Lunched at Ardingly, Cheesburger, Sultana cake and tea
from the scouts (fab job) and then had a pretty zippy run down to Ditchling village where apon reaching thecrossroads were stopped by the Marshalls. Apparently there had been 2 Heart-Attacks on the beacon in a very short space of time. We were held back to allow the emergency services access. Delayed about an hour, chatted to a lovely young lady and shared around the Jelly babies. All a bit subduesd due to the bad news.
Eventually we were underway as the Flying Ambulance departed.
We were let up the Beacon in dribs and drabs. This actually was quite good news as I found myself with way more space to ride in than usual, though it did get veruy tight at times. With more freedom, climbing the beacon was pretty straightforward, never even getting into my 30 x 25 bottom gear.
Lots of people made it up the hill. I noticed a lot of girls on city/hybrid bikes seemed to make it up with comfort... this it seems is diue to the 'Mega-range' cassette fitted to such bikes. It highlighted the benefit of good low gearing.
Ice-cream at the top, 45 mph on the drop into Brighton and a nice rumble into the finish. Average speed of 11 mph! Long slow day, more knackered than my Sunday morning 60 miler at an ave of 15mph!

Reception on the sea-front never fails to amaze me too.

There did seem to be waaay more people than ever before, the constant stopping and walking annoyed me for the first time ever today. There were also a lot of accidents (this is also quite normal).

This is possibly my last L2B for the forseable future, not because I don't like it, but because the key people I ride it with are moving for sunnier climes and it wouldn't be the same without them.
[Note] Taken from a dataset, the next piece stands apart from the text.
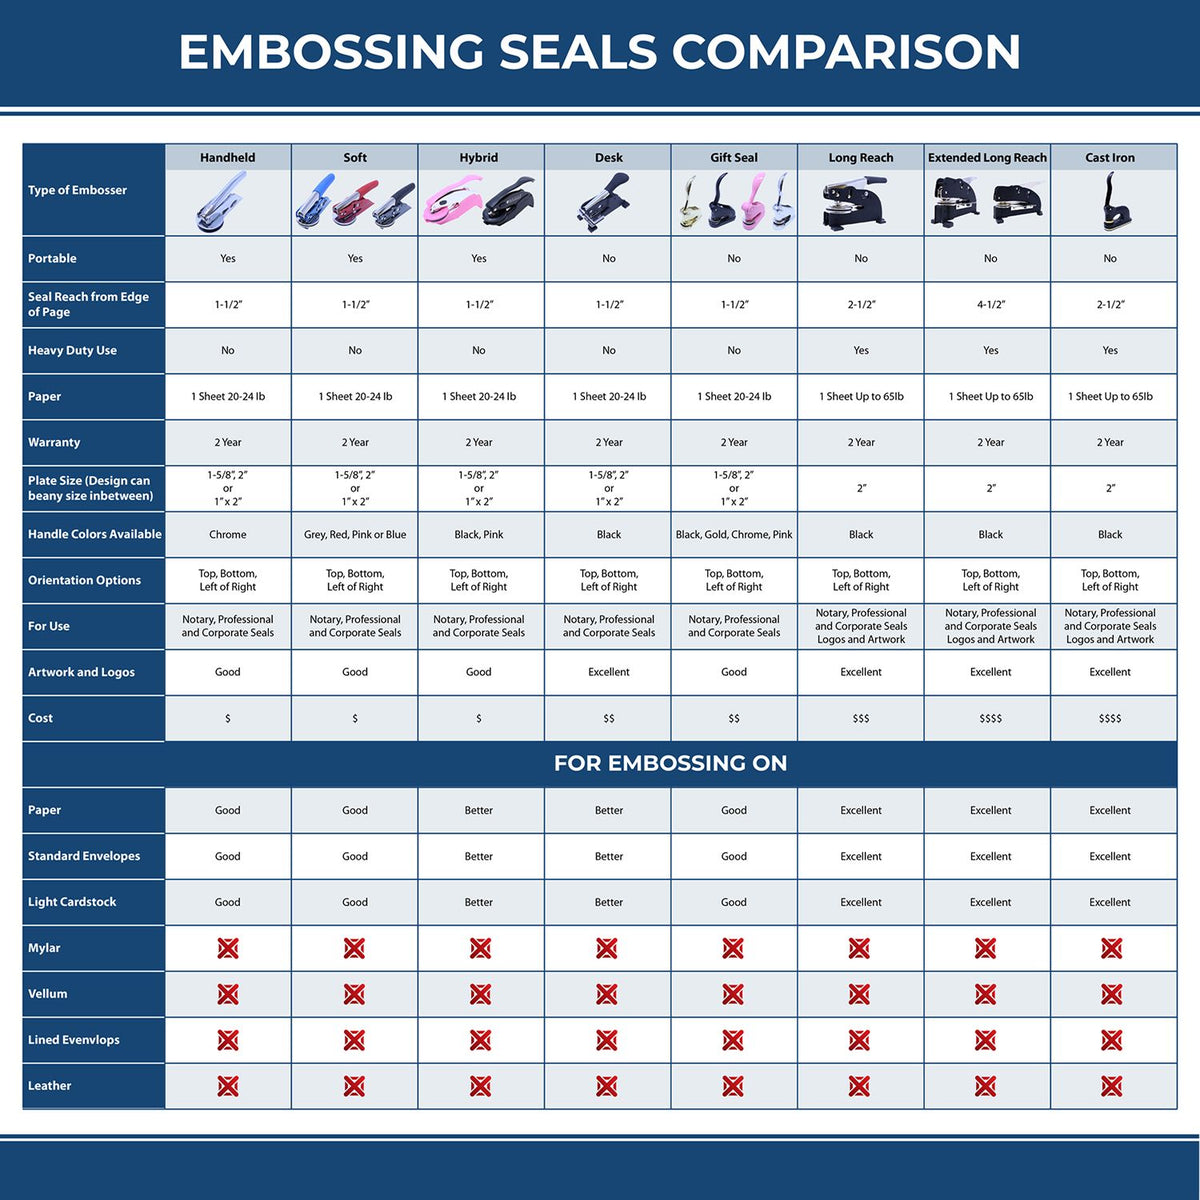 A comparison chart for the different types of mount models available for the Handheld West Virginia Professional Geologist Embosser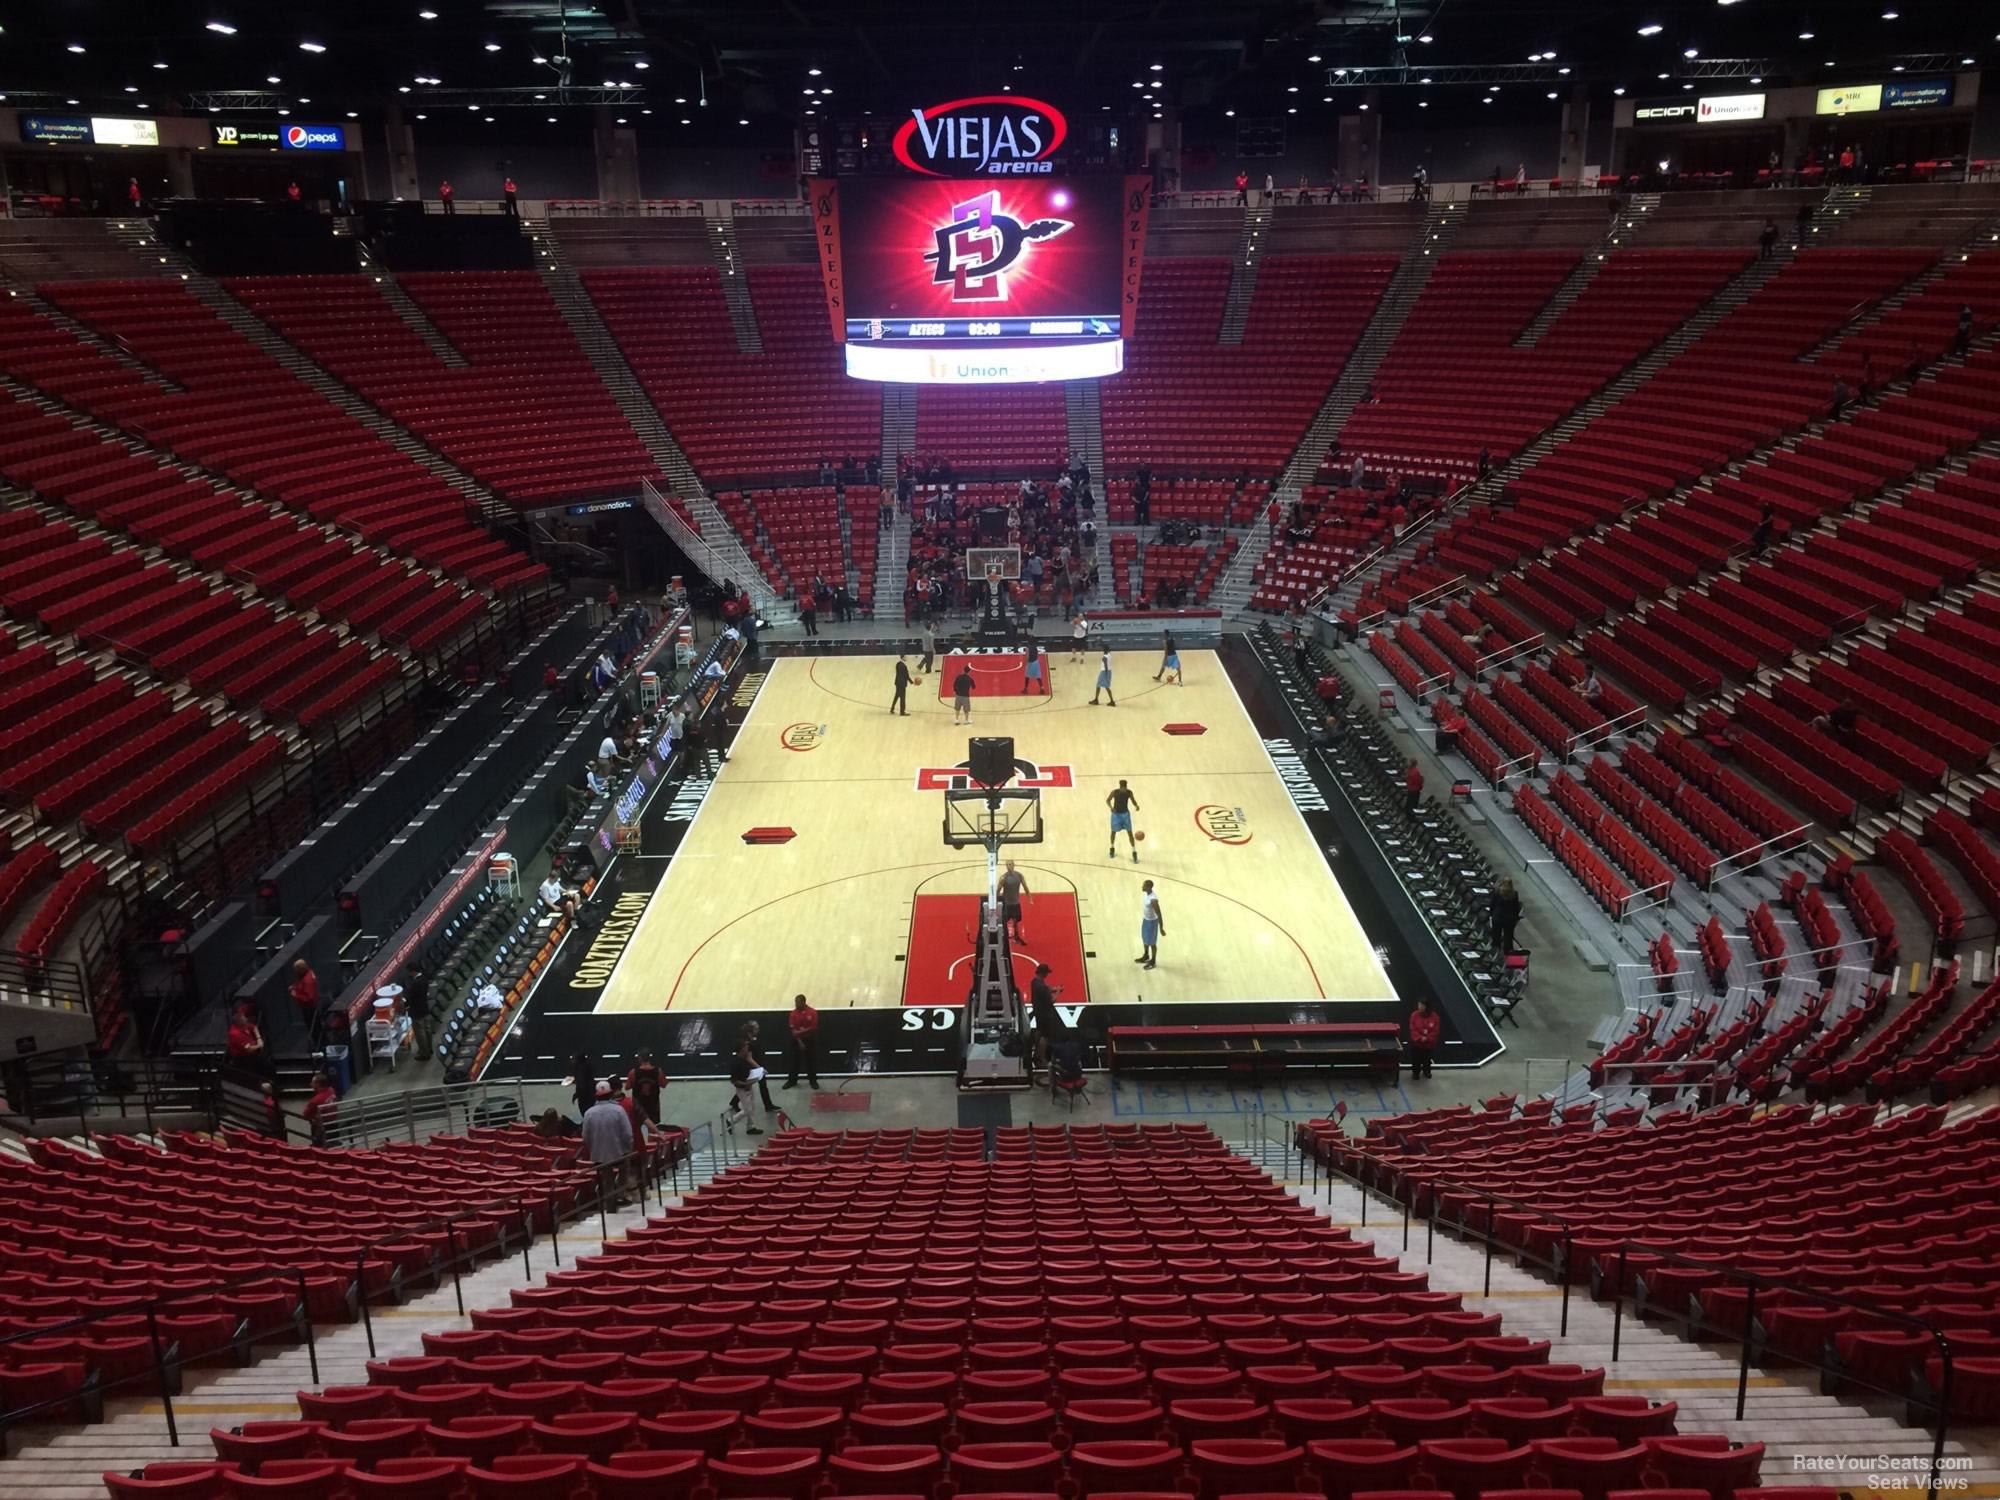 Viejas Arena Interactive Seating Chart Elcho Table

We've done about 14 years consecutively and my personal tally must be getting closer to 20 since my first in about 1984. It's time we did another ride somewhere...

Hope you had a good day.


----------



## HeyWayne (21 Jun 2010)

Well, was my first ever and will definitely be doing it again next year. I'm far less sore or achy than I thought I was going to be - quads are a little tender when going up stairs, but other than that, not too shabby.

I was due a 6:30 start, but with 16 month old baby and wife in tow I ended up getting to the start just before 7. My team mates had managed to get there for the 6:30 start and somehow I passed them (I'd only met one of the 4 before yesterday, so I have an excuse). A little frustrating getting out of London, but once out on the lanes it was far more pleasant.

I ended up having to wait for them to catch up with set me back 20 mins or so. Then we had to wait for one of the other guys who had 'jelly legs'.

Then got caught behind an accident just after we'd passed under the M25 (I think) - had to wait around another 15 minutes before getting going again.

Started to get a bit frustrating waiting for the others - and I had my family waiting for me in Brighton so I sent the team a message saying I was going to plough on and may meet them in Brighton. 

So off, I set - alone.

Made it up the Beacon in one, then cruised on down into Brighton.

Nearly missed my wife and son on the finish straight, had it not been for my brother shouting I'd of never seen them.

Looking forward to next year!

I had one incident where a dude swerved into me (from my left) and bounced off. It was a bit of irresistible force, meets immovable object.

Just read the tragic news too. http://news.bbc.co.uk/1/hi/england/10362762.stm

So sad.


----------



## rb58 (21 Jun 2010)

I had a 6.00am start, much better than the later times I had in previous. Clear roads and closed roads for much of the way made it an excellent ride. Because I was in the first group I experienced no delays, no issues at all really. The hills were clear and I made it to Brighton in 3 hours and 12 minutes. After half an hour taking in the atmosphere - which was already building even at 9.00am, I turned for home and headed back into quite a stiff headwind. Which probably explained why I made good time heading south!

I too would love to know what Zoe's answer was!


----------



## ianrauk (21 Jun 2010)

Well done Wayne (and everyone else for that matter)...


----------



## Blackandblue (21 Jun 2010)

rb58 said:


> I too would love to know what Zoe's answer was!



http://www.metro.co.uk/news/831889-man-uses-banners-to-declare-love

It doesn't look too promising...


----------



## iZaP (21 Jun 2010)

rb58 said:


> I had a 6.00am start, much better than the later times I had in previous. Clear roads and closed roads for much of the way made it an excellent ride. Because I was in the first group I experienced no delays, no issues at all really. The hills were clear and I made it to Brighton in 3 hours and 12 minutes. After half an hour taking in the atmosphere - which was already building even at 9.00am, I turned for home and headed back into quite a stiff headwind. Which probably explained why I made good time heading south!
> 
> I too would love to know what Zoe's answer was!



Wondering if you have average speed for that trip?


----------



## nick67 (22 Jun 2010)

richardj5 said:


> How was it for you then?
> 
> Does anyone know the exact route, I'd love to add it to my training log on map my ride, but I have no idea what it was, just followed everyone else!
> 
> Cheers



http://sites.google.com/site/cyclingroutes/


----------



## OliverAmoros (28 Jun 2010)

Did anyone clock their speeds coming down the beacon? I clocked a pant wetting 49.3mph... >:]


----------